At Grain SA regional meetings held in Swellendam and Moorreesburg in the Western Cape, farmers said the wheat crisis, which has been building for some time, is tightening its grip.
At the Swellendam meeting, several farmers said they had been forced to restructure or renegotiate debt in order to survive the crisis, while some producers in Moorreesburg reported that they no longer had sufficient cash to pay voluntary wheat levies or purchase essential production inputs.
It was also noted that, in an effort to cut costs, reduced fertiliser use is beginning to affect wheat quality, with lower protein levels being recorded on some Swartland farms.
International context
The situation is not unique to South Africa, as wheat prices around the world are under pressure due to high stock levels, with escalating production costs adding to the burden. A major drawback for South African farmers, however, is that most exporting countries subsidise production and have increased support measures in response to the current downturn.
On top of this, large volumes of wheat are imported into South Africa between October and December, coinciding with the Western Cape harvest. Farmers argued that these imports drive local prices down and create logistical bottlenecks that push costs up.
The wheat import tariff is intended to protect farmers against subsidised imports, but producers said it currently takes months for the tariff to be announced, creating opportunities for price exploitation.
Grain SA applied to the International Trade Administration Commission (ITAC) in June 2024 for an improved tariff system, including the automation of the mechanism. Despite ongoing pressure, a decision has not yet been finalised.
Logistics is another major pain point, with Western Cape producers voicing their unhappiness about the transport differential since its introduction.
The transport differential is based on the cost of transporting wheat to Randfontein, which is R800/t for wheat produced in the Western Cape, even though most of the province’s wheat is processed and consumed locally.
Farmers also raised concerns that imported wheat is traded alongside South African wheat on SAFEX, despite differences in quality.
Protection against cheap imports
At both meetings, various speakers told farmers that Grain SA was doing everything in its power to help stabilise and revive the industry. Grain SA CEO Tobias Doyer said the industry also has the support of Minister of Agriculture John Steenhuisen.
As evidence of this engagement, Doyer played a video interview between himself and Steenhuisen, during which the latter addressed several industry challenges.
Steenhuisen acknowledged that the current wheat tariff mechanism is ineffective and fails to protect local farmers against heavily subsidised international imports, a matter he said he had raised with the minister of Trade, Industry and Competition.
“Government needs to move towards an automated wheat tariff, like the way fuel prices adjust automatically in response to oil price movements. Farmers should not be sitting waiting for a long bureaucratic process to unfold before the tariff is published,” he said.
In response to questions about stricter import controls, particularly during harvest periods when imports place additional pressure on prices, roads, and silo capacity, Steenhuisen said South Africa’s commitments under World Trade Organization agreements limit the scope for outright import bans.
He added that alternatives such as “quota-based systems rather than outright bans” could be explored.

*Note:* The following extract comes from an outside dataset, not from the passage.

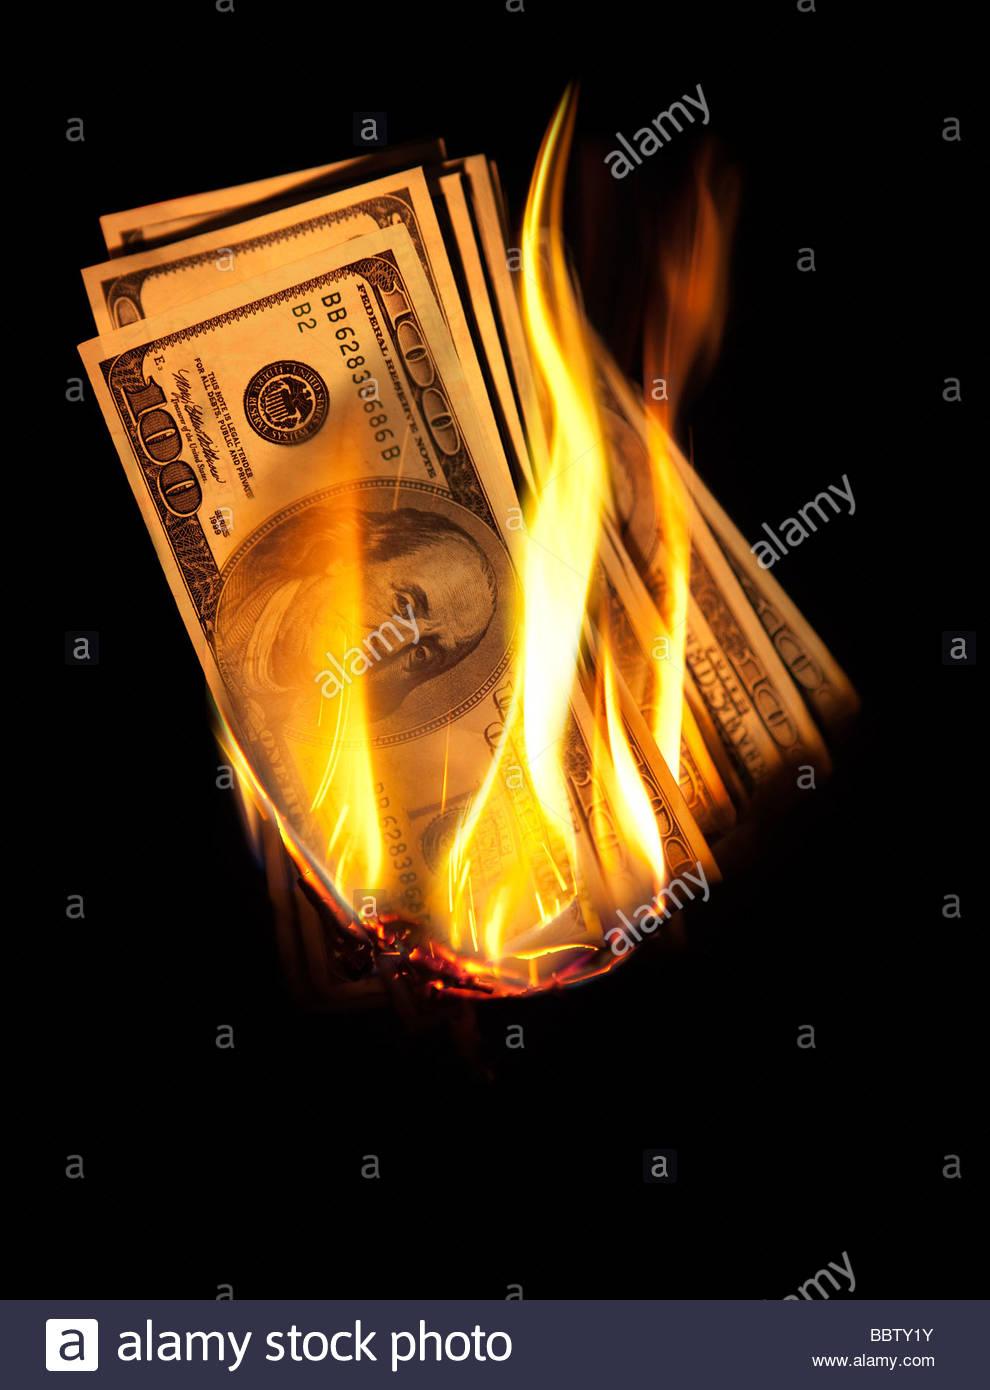 Bundle of US $100 bills burning. - Stock Image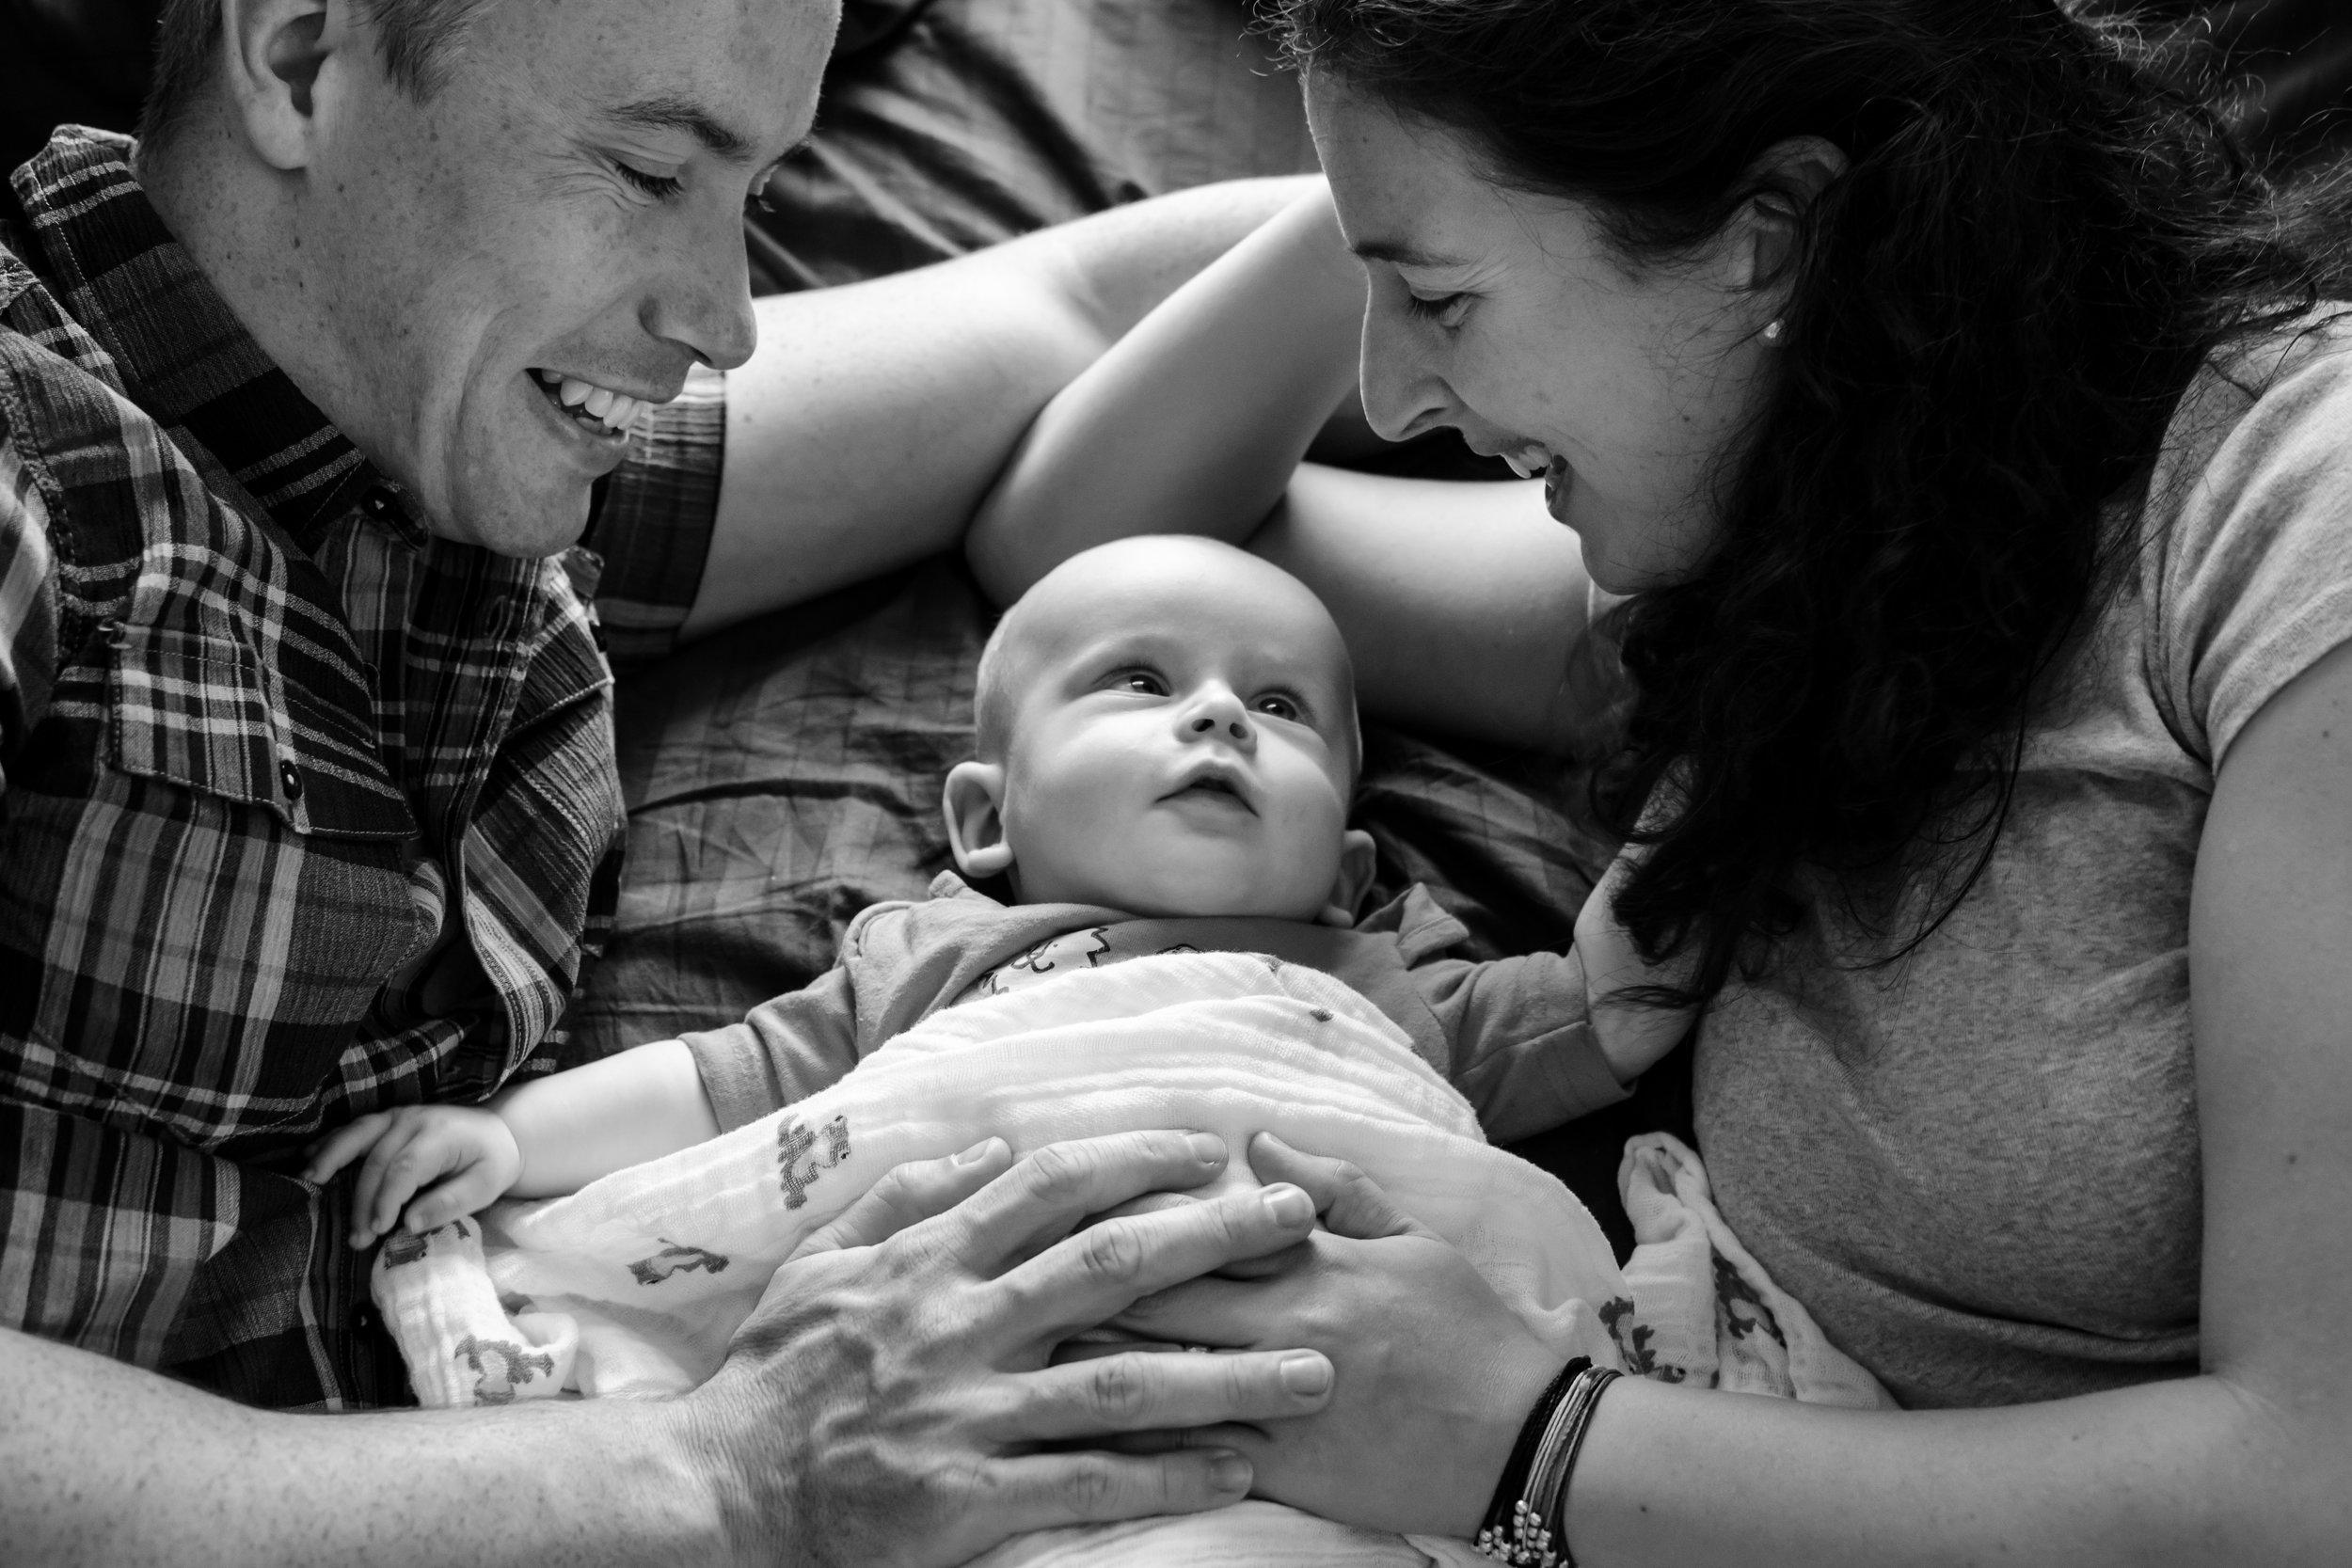 JuliaMatthewsPhotography_MadisonWisconsinFamilyPhotography_Newborn-3.jpg

Investigation into pricing
In response to frustration that millers and bakers remain profitable while wheat producers absorb rising costs and shrinking margins, Steenhuisen said the Department of Agriculture supports a Section 7 investigation through the National Agricultural Marketing Council to improve transparency across the wheat value chain.

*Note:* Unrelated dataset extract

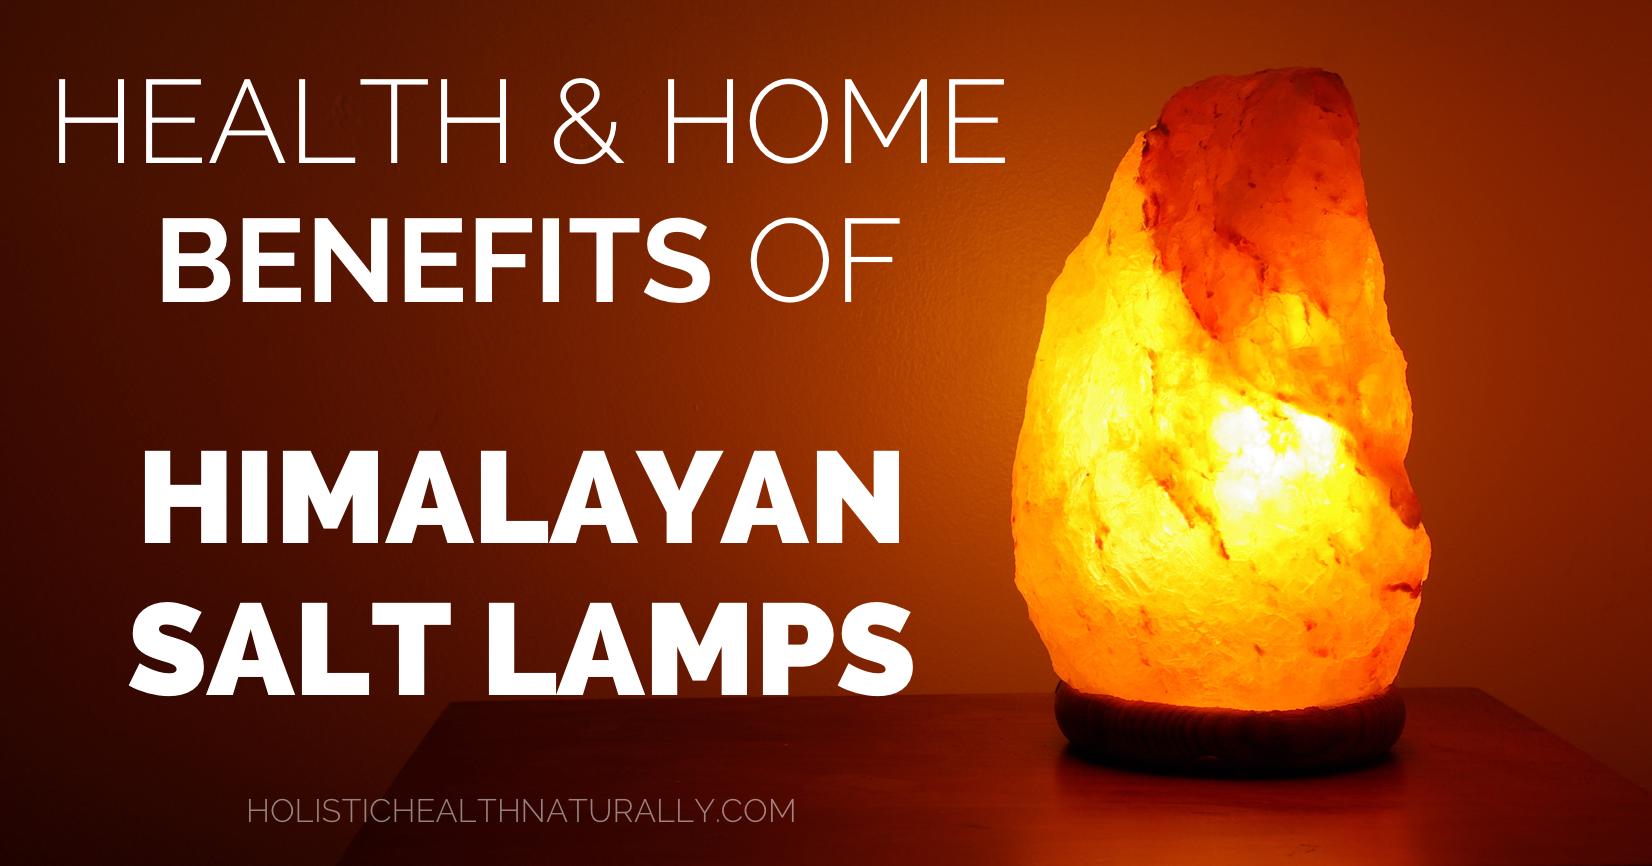 Health Benefits Of Salt Lamps Health & Home Benefits Of Himalayan Salt Lamps

“We need to see who is bearing the actual burden. It must be a free market, but it must also be a fair market,” he said.
Steenhuisen added that such an inquiry would provide evidence-based data on pricing, profitability, imports, and who benefits most within the chain.
New technologies and insurance
Steenhuisen also voiced support for improving access to new breeding techniques and precision breeding technologies, arguing that South African farmers could not afford to fall behind their global competitors.

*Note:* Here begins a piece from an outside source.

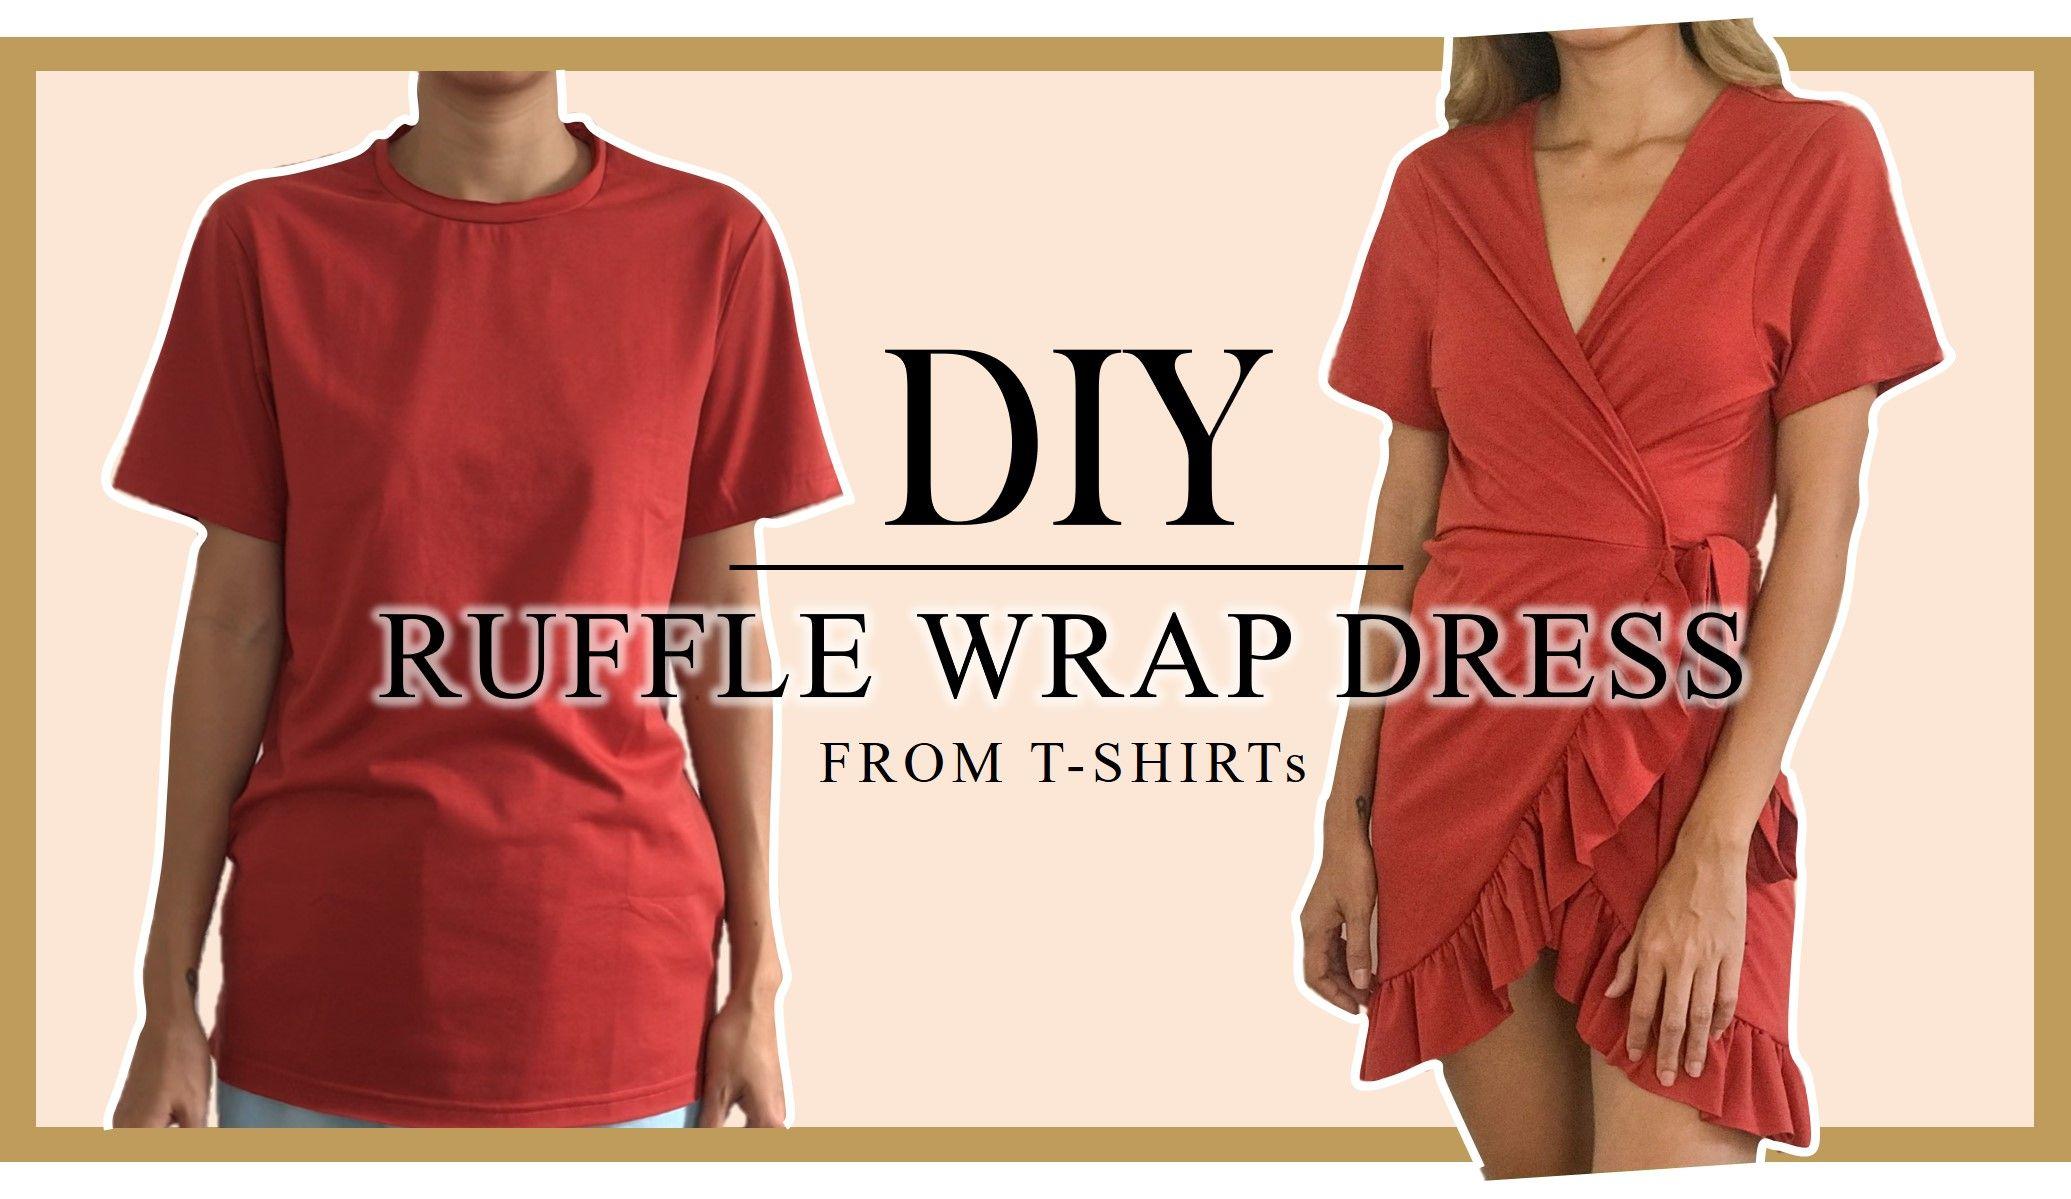 Diy Ruffle Wrap Dress From T Shirt Refashion T Shirt Into Ruffle Wrap Dress Wrap Dresses Diy Ruffle Wrap Dress Tshirt Refashion [ 1199 x 2071 Pixel ]

“New technologies are essential for improving yields, quality, and climate resilience under increasingly volatile weather conditions. We must be very careful that we don’t become Luddites and get left behind the rest of the world,” he said.
Steenhuisen added that he had been pushing for government-subsidised insurance to help pull farmers through climate-related disasters. He specifically spoke about the potential of an index-based agricultural insurance mechanism to reduce delays associated with disaster declarations and relief payments.
“An index-insurance-type system would pay out immediately, instead of farmers having to wait for a year or more,” he said.
He said he would continue pushing for reforms at Cabinet level and in engagements with the Department of Trade, Industry and Competition and ITAC.
Urgent action needed
Farmers, however, questioned whether reforms could be implemented quickly enough to provide immediate relief, given the slow pace of bureaucratic processes and the fact that key trade decisions fall outside of the Department of Agriculture.
They warned that the coming season will be critical and that, without urgent action, South Africa could lose more producers from an already fragile wheat sector.